START RECORDS FOR PROCESSING

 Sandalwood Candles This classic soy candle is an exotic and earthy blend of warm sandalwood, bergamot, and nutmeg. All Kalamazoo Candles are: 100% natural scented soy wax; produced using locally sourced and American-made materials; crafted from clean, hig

END RECORDS FOR PROCESSING
START RECORDS FOR PROCESSING

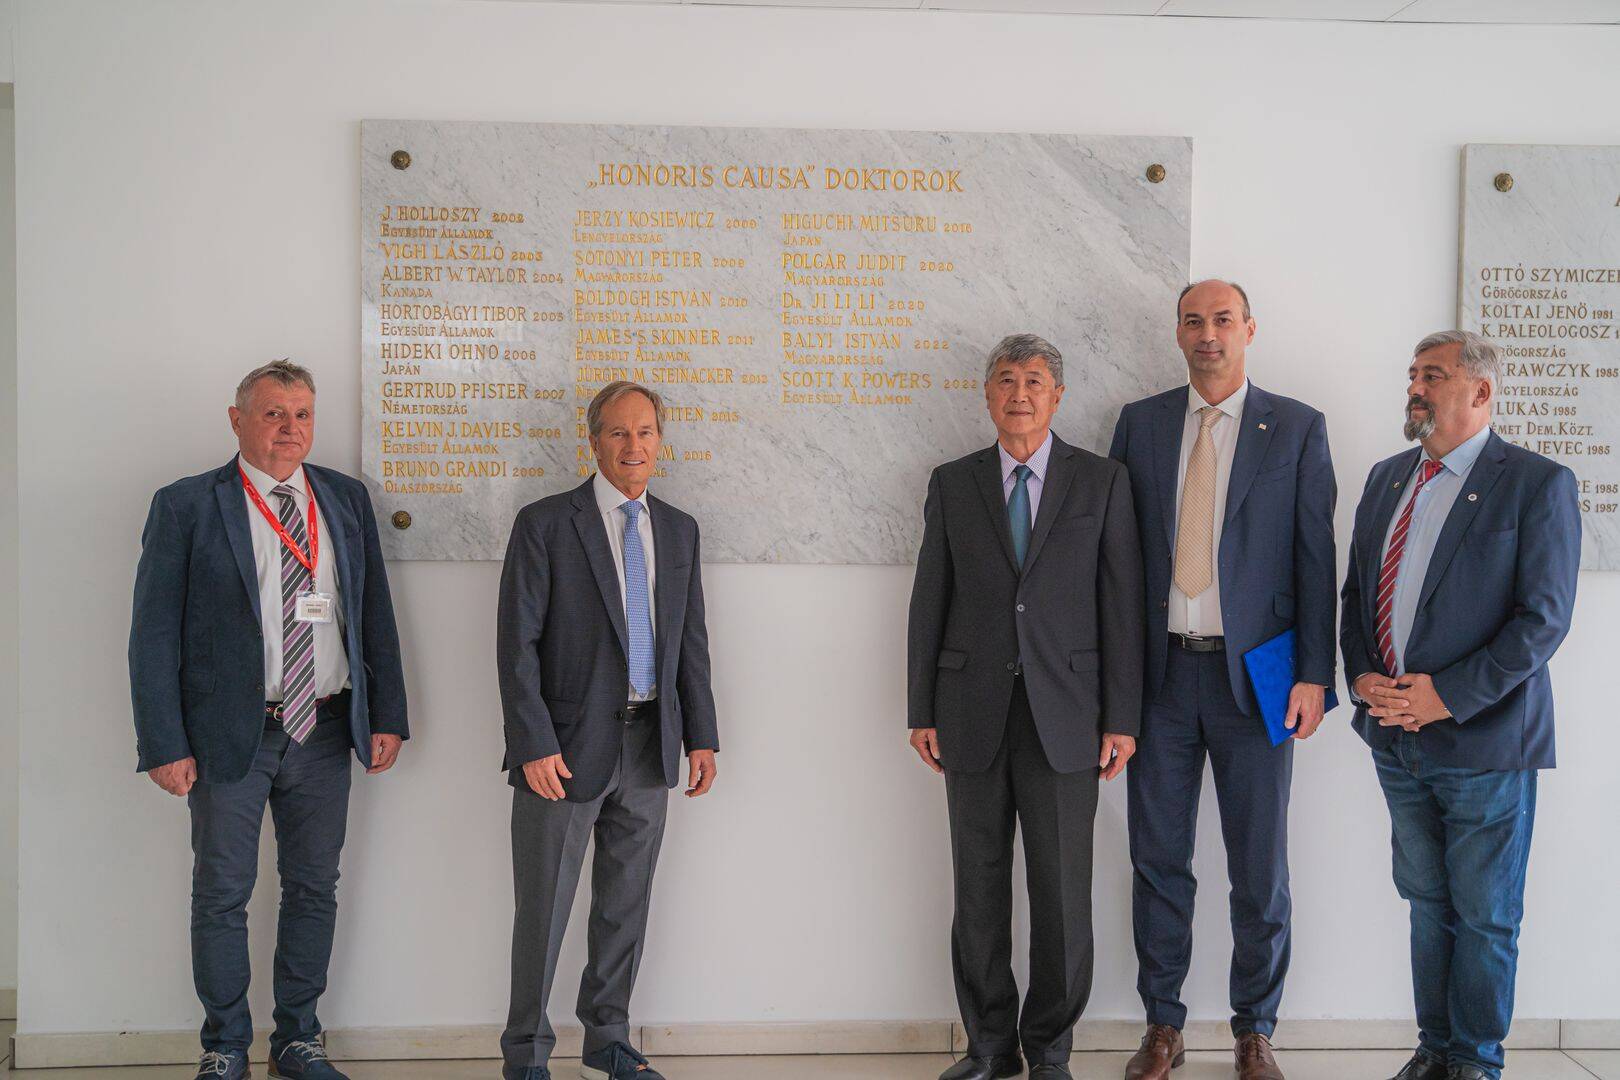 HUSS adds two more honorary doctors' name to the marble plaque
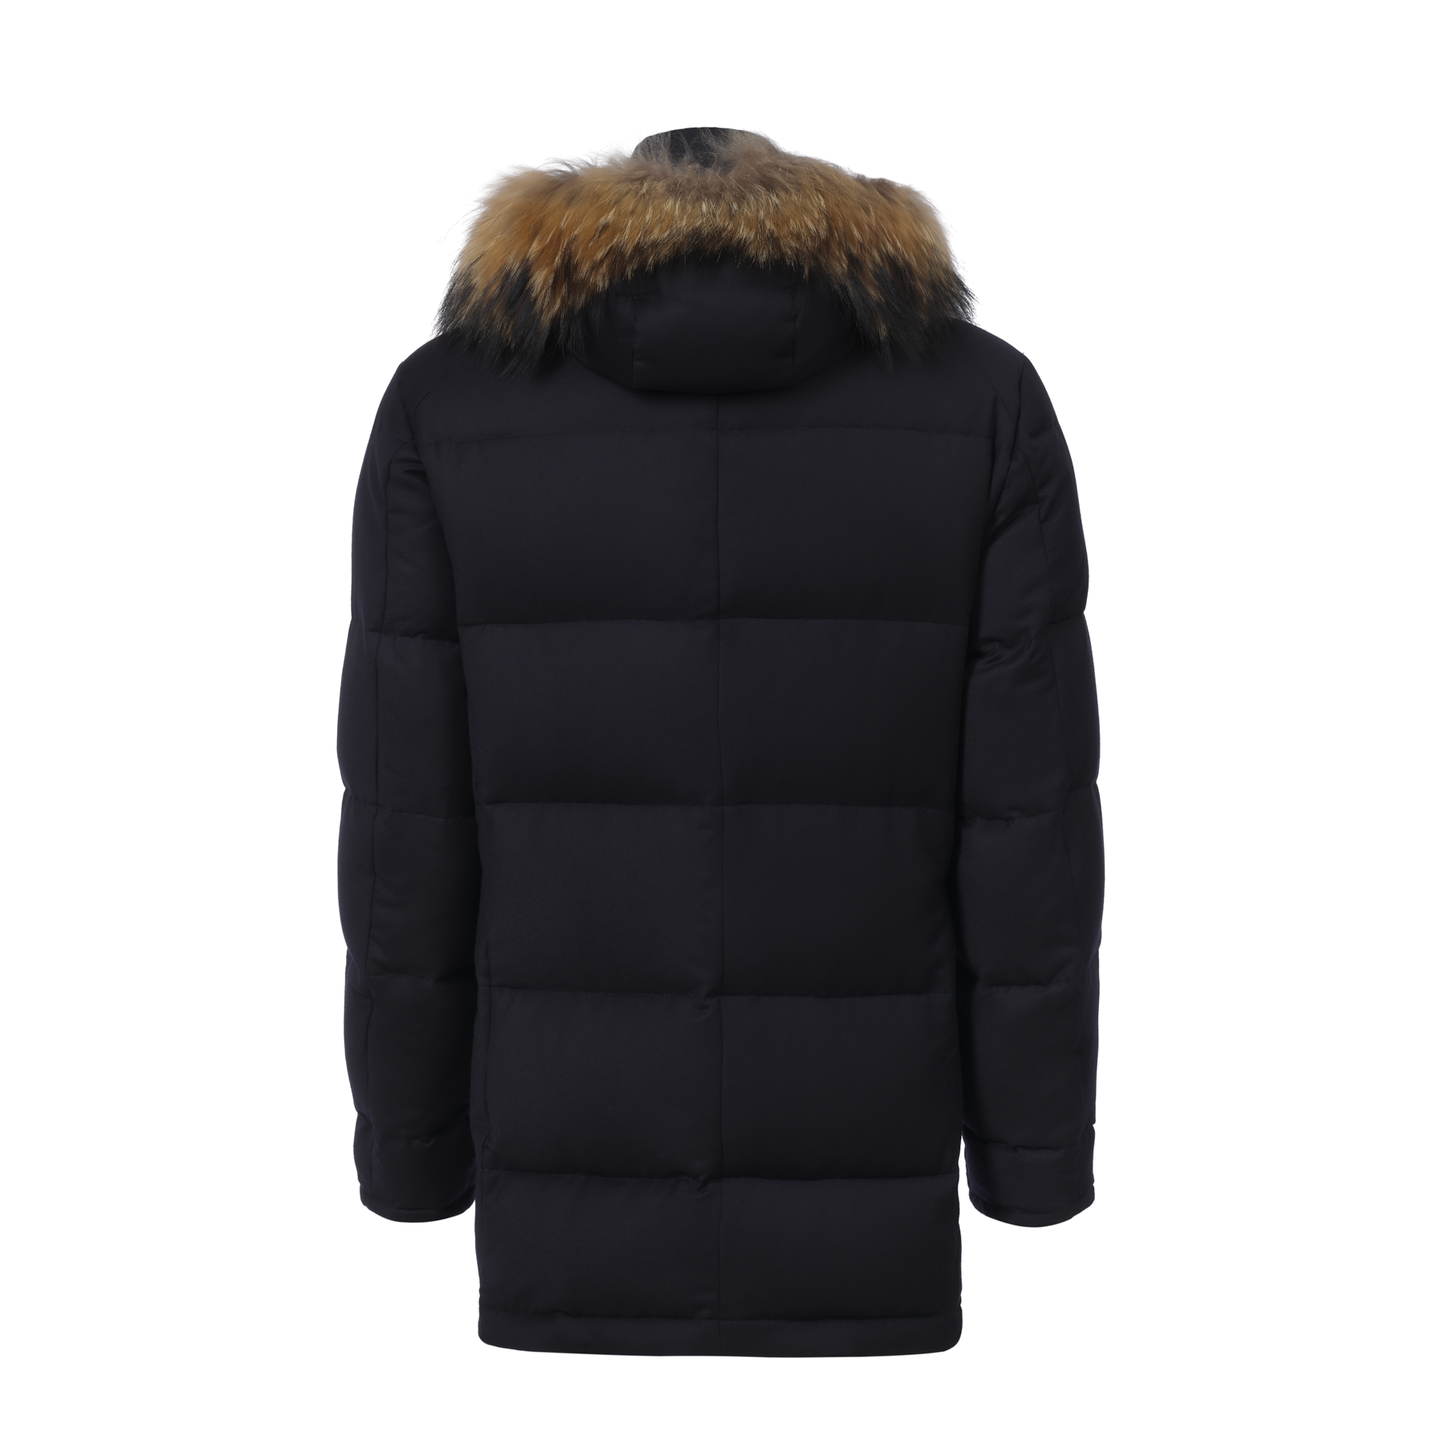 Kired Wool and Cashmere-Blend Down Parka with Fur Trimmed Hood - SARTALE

END RECORDS FOR PROCESSING

§ **EXERCISE PROMPT**
When you reach the line with "HUSS adds two" in the records above, start writing out each line exactly, and stop after the line with "Kired Wool and". Pictures stay out.

§ **ANSWER BOX**
 HUSS adds two more honorary doctors' name to the marble plaque
 Kired Wool and Cashmere-Blend Down Parka with Fur Trimmed Hood - SARTALE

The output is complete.